If pictures are present, leave them out, and copy the data word for word.

**Information shown**:
------------------------------

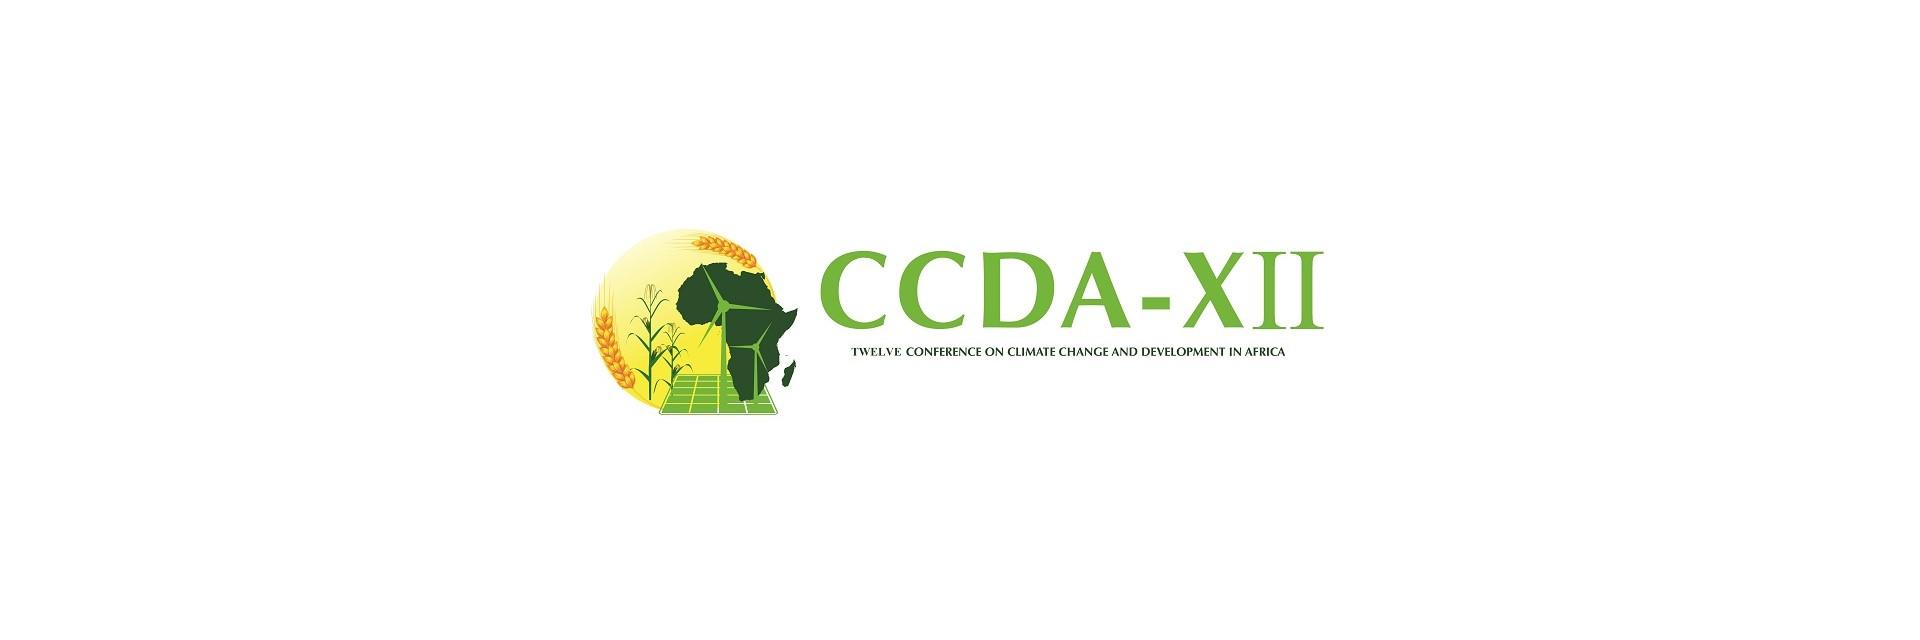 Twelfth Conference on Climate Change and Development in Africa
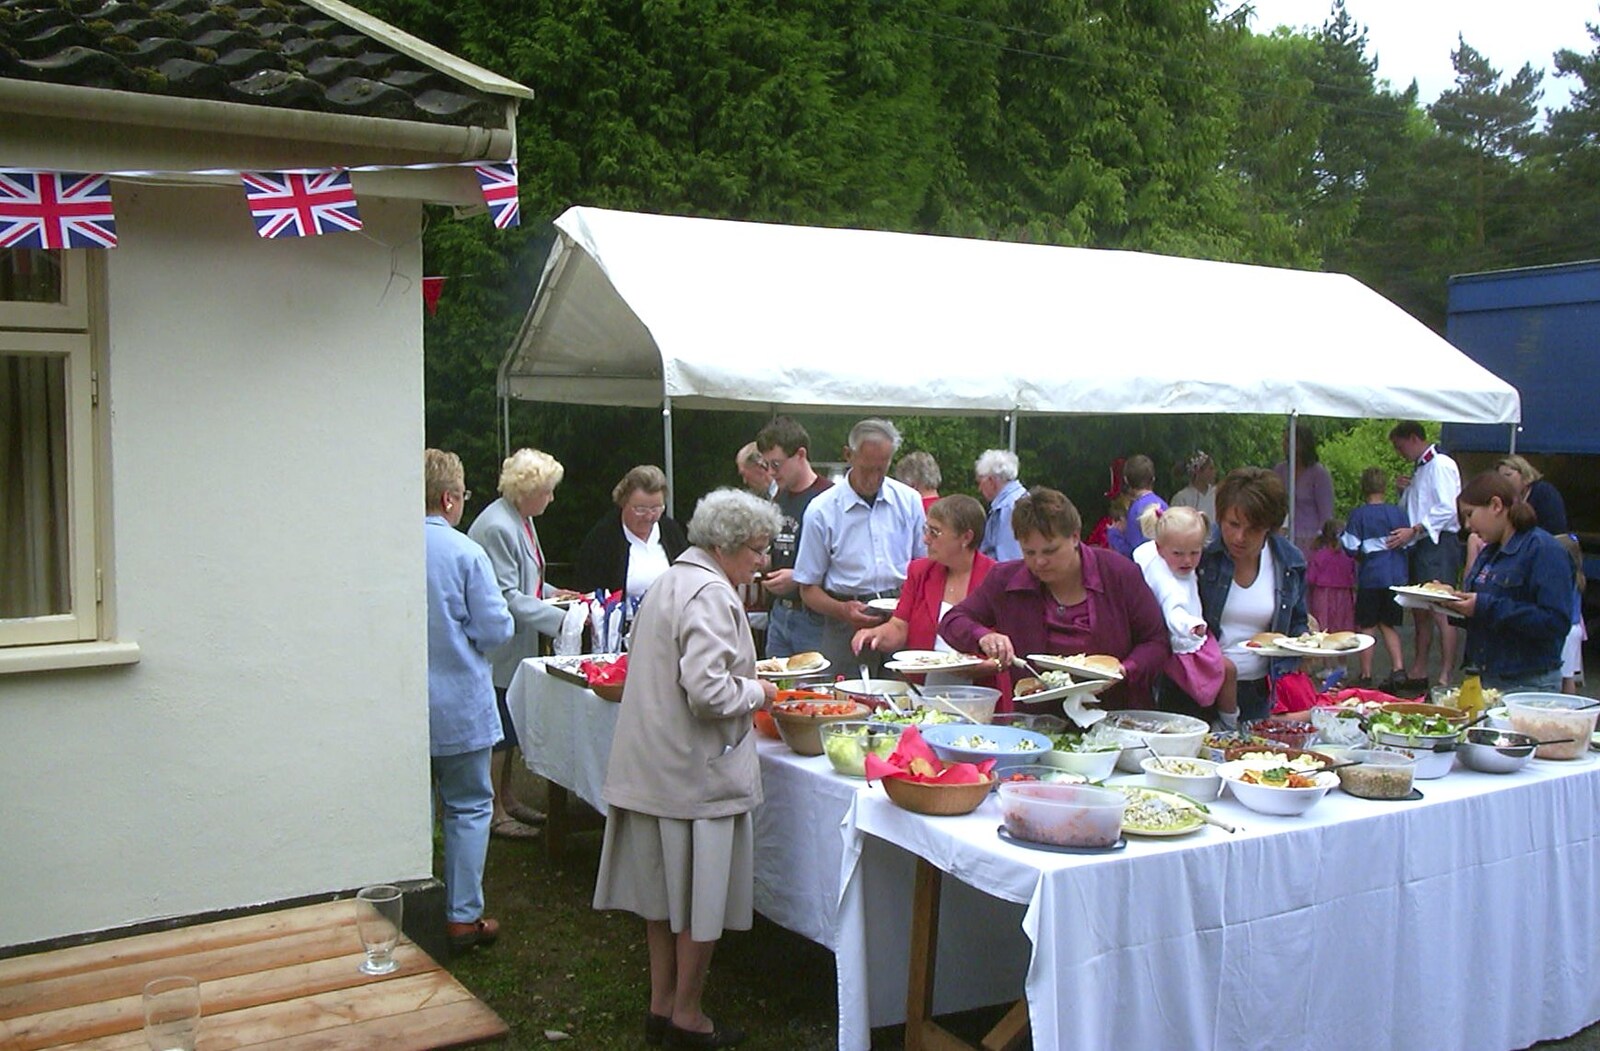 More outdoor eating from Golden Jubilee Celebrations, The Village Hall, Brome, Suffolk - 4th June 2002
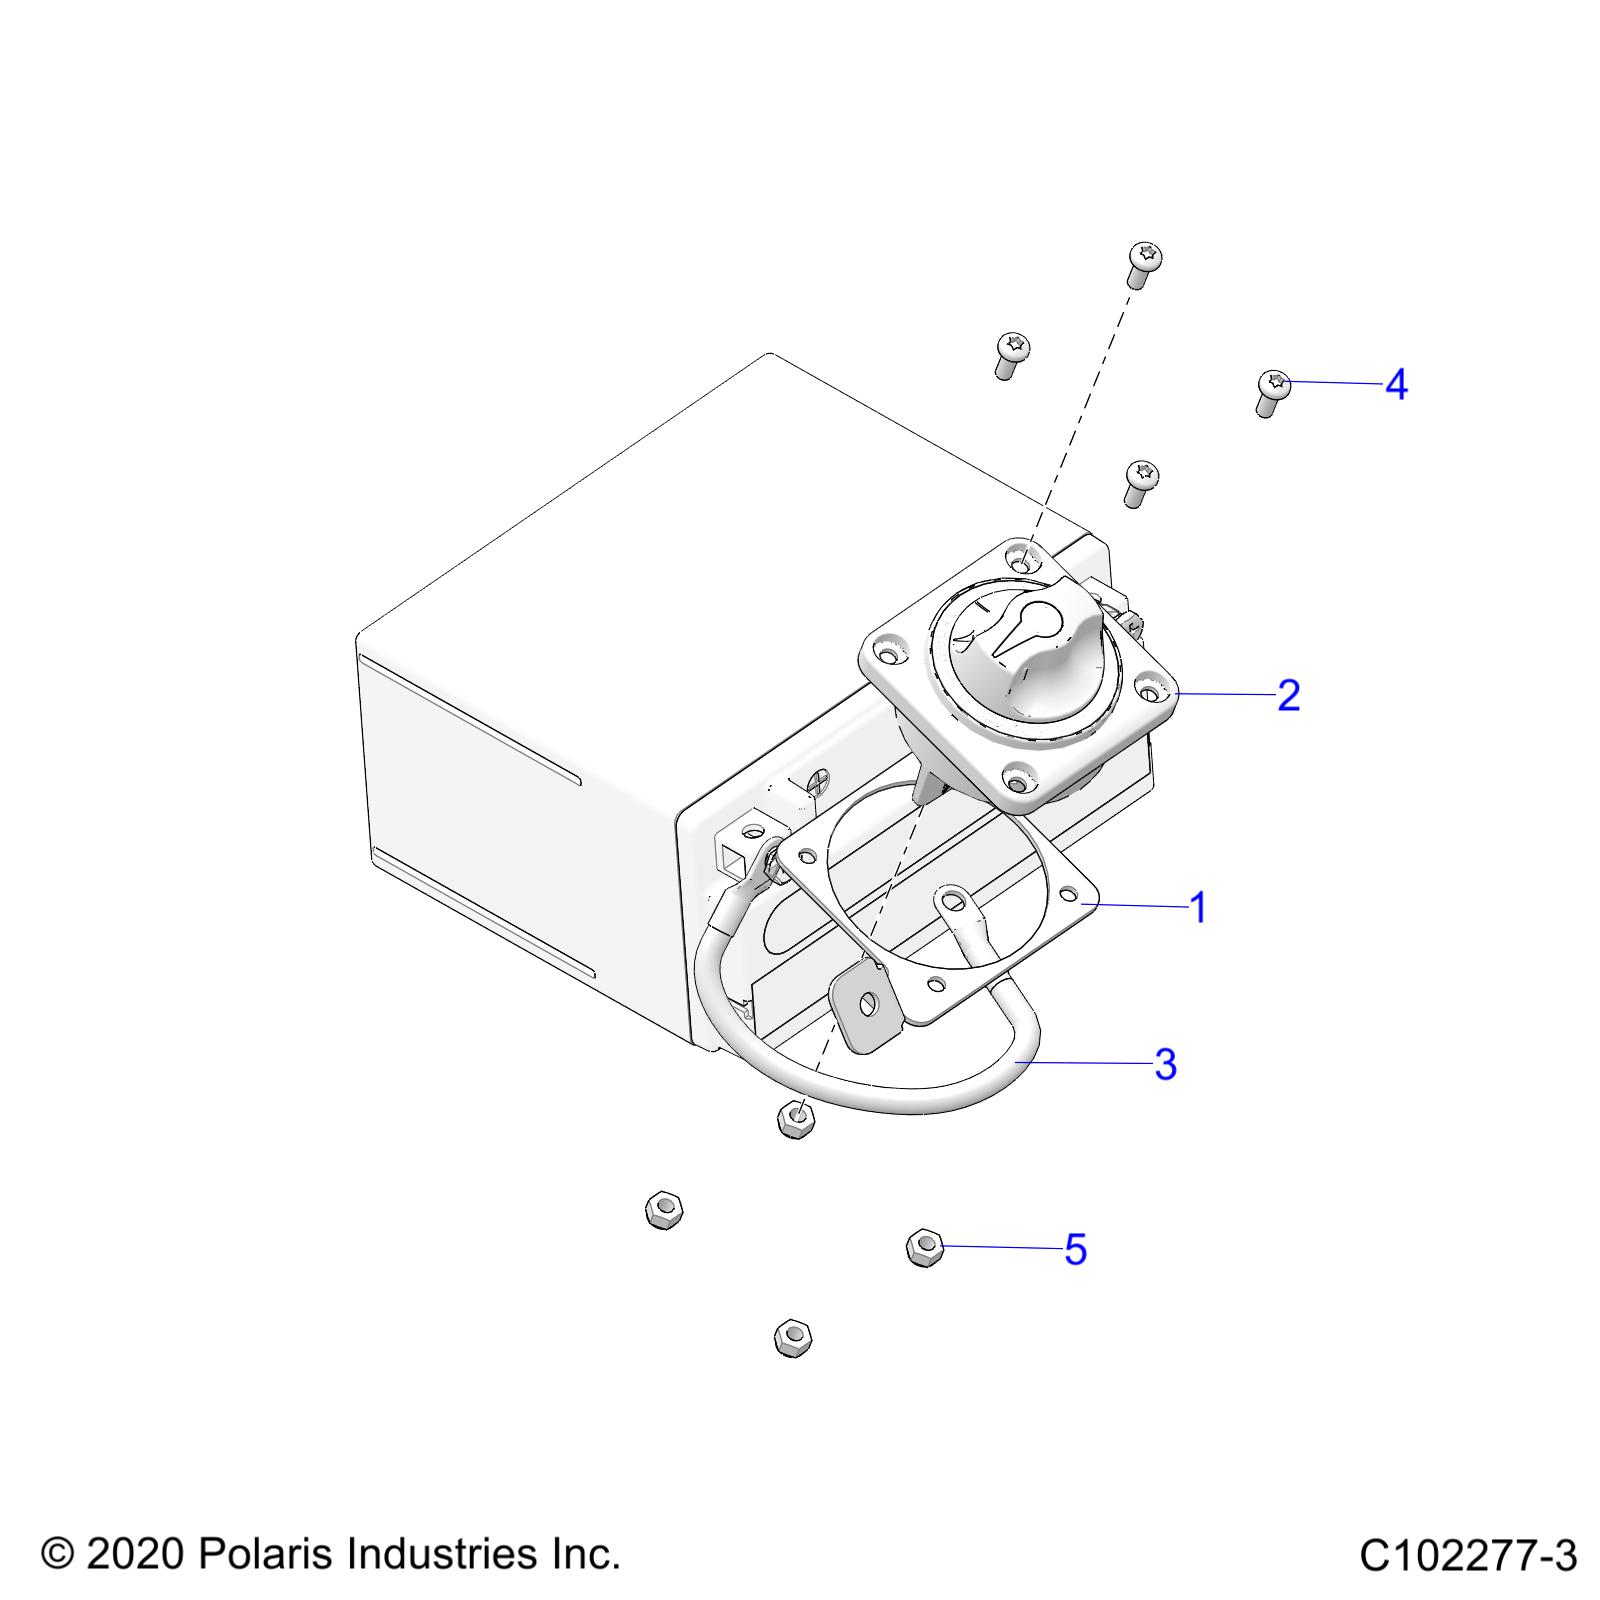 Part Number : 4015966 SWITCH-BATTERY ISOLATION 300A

------------------------------

**Task answer**:
 Twelfth Conference on Climate Change and Development in Africa
 More outdoor eating from Golden Jubilee Celebrations, The Village Hall, Brome, Suffolk - 4th June 2002
 Part Number : 4015966 SWITCH-BATTERY ISOLATION 300A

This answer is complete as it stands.